CNN’s website has a well-designed Iraq war section, including a list of confirmed coalition casualties – which currently stands at 149. Although it’s not often reported, during Gulf War I, an undercover journalist discovered the Pentagon underreporting U.S. casualties by 400%.Here’s an article by the reporter that discovered that while the Pentagon was claiming 55 U.S. casualties he discovered the real total was around 200.

On the side, New York Times columnist John Broder discusses the problem of estimating Iraqi casualties in this April 9 column, while the Iraq Body Count website estimates over 1,300, which they admit in Broder’s column to be an underestimate.

This is an excellent article by Pulitzer-prize winning journalist Patrick Sloyan about how the U.S. military quickly buried tens of thousands of killed Iraqis during Gulf War I:
“Daniel and the rest of the world would not find out until months later why the dead had vanished.

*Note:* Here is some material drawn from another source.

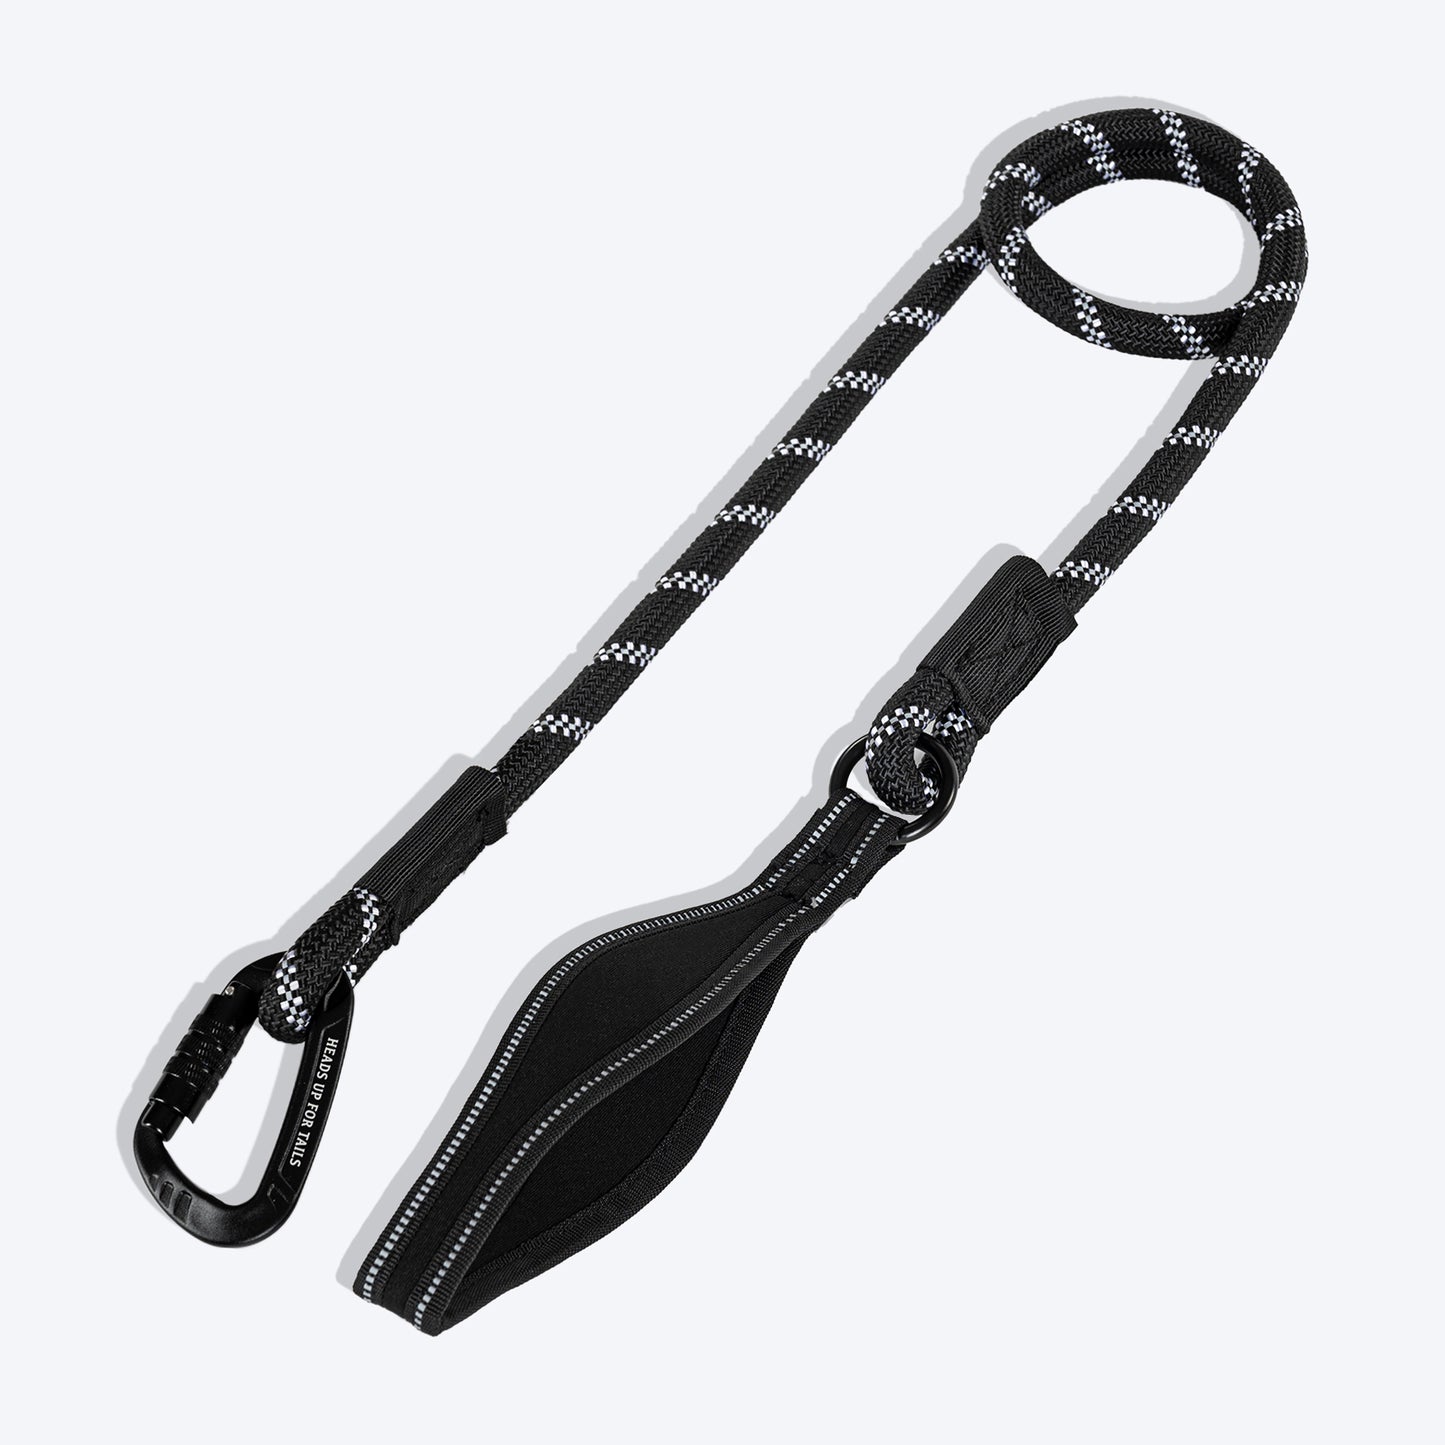 HUFT Rope Leash With Carabiner For Dog - Black - 1.2 m - Heads Up For Tails
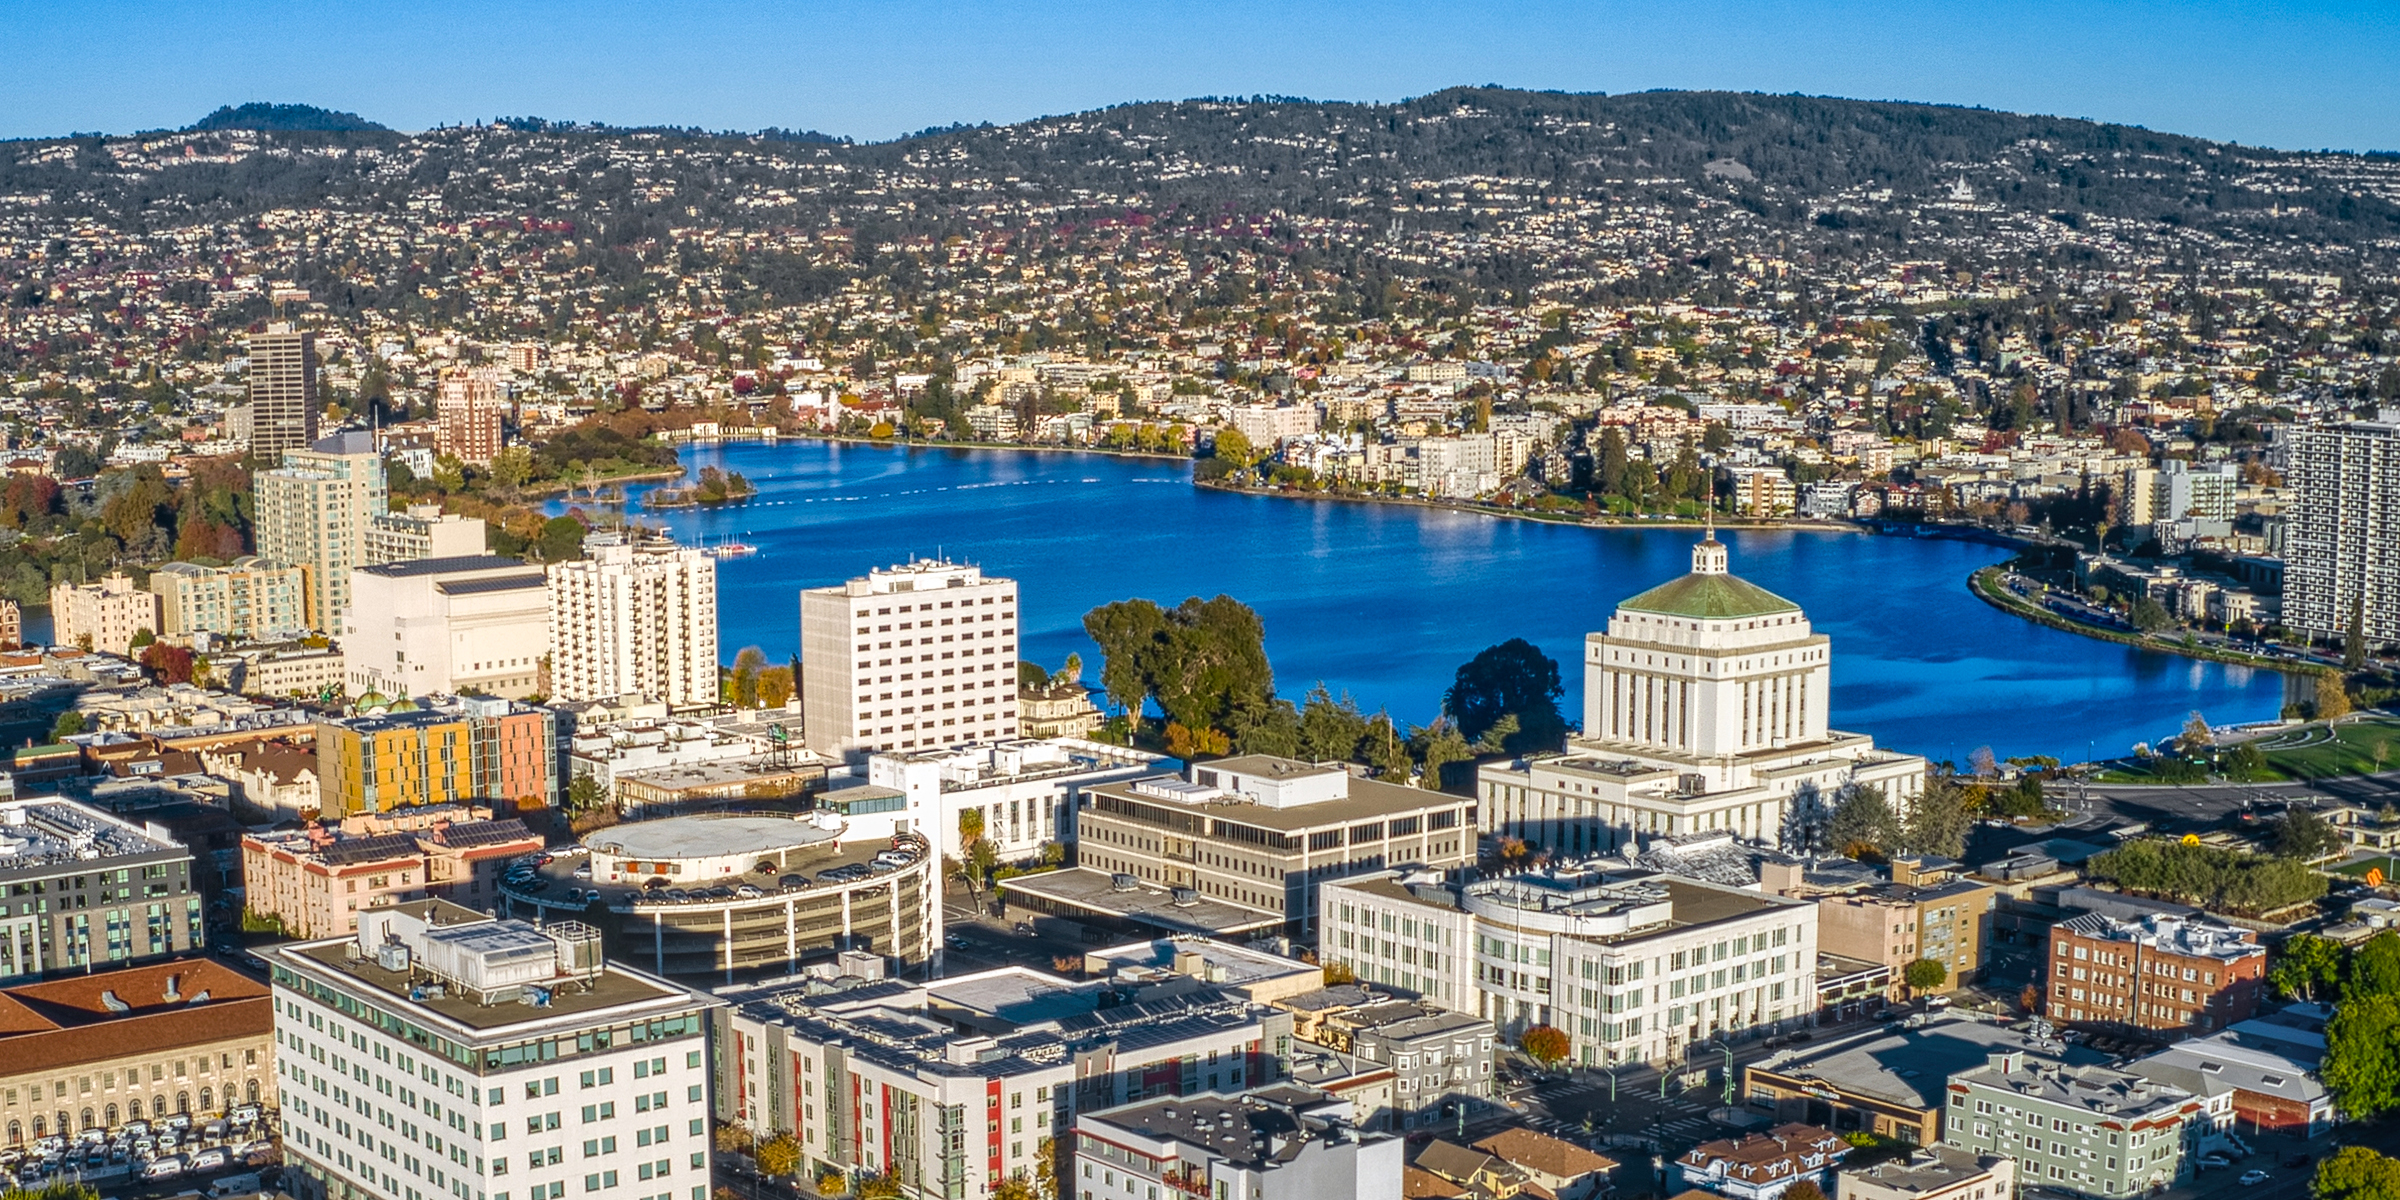 Aerial view of Oakland | Source: Shutterstock

Thousands of Iraqi soldiers, some of them alive and firing their weapons from World War I-style trenches, were buried by plows mounted on Abrams main battle tanks. The Abrams flanked the trench lines so that tons of sand from the plow spoil funneled into the trenches. Just behind the tanks, actually straddling the trench line, came M2 Bradleys pumping 7.62mm machine gun bullets into the Iraqi troops.

What happened at the Neutral Zone that day has become a metaphor for the conduct of modern warfare. While political leaders bask in voter approval for destroying designated enemies, they are increasingly determined to mask the reality of warfare that causes voters to recoil.”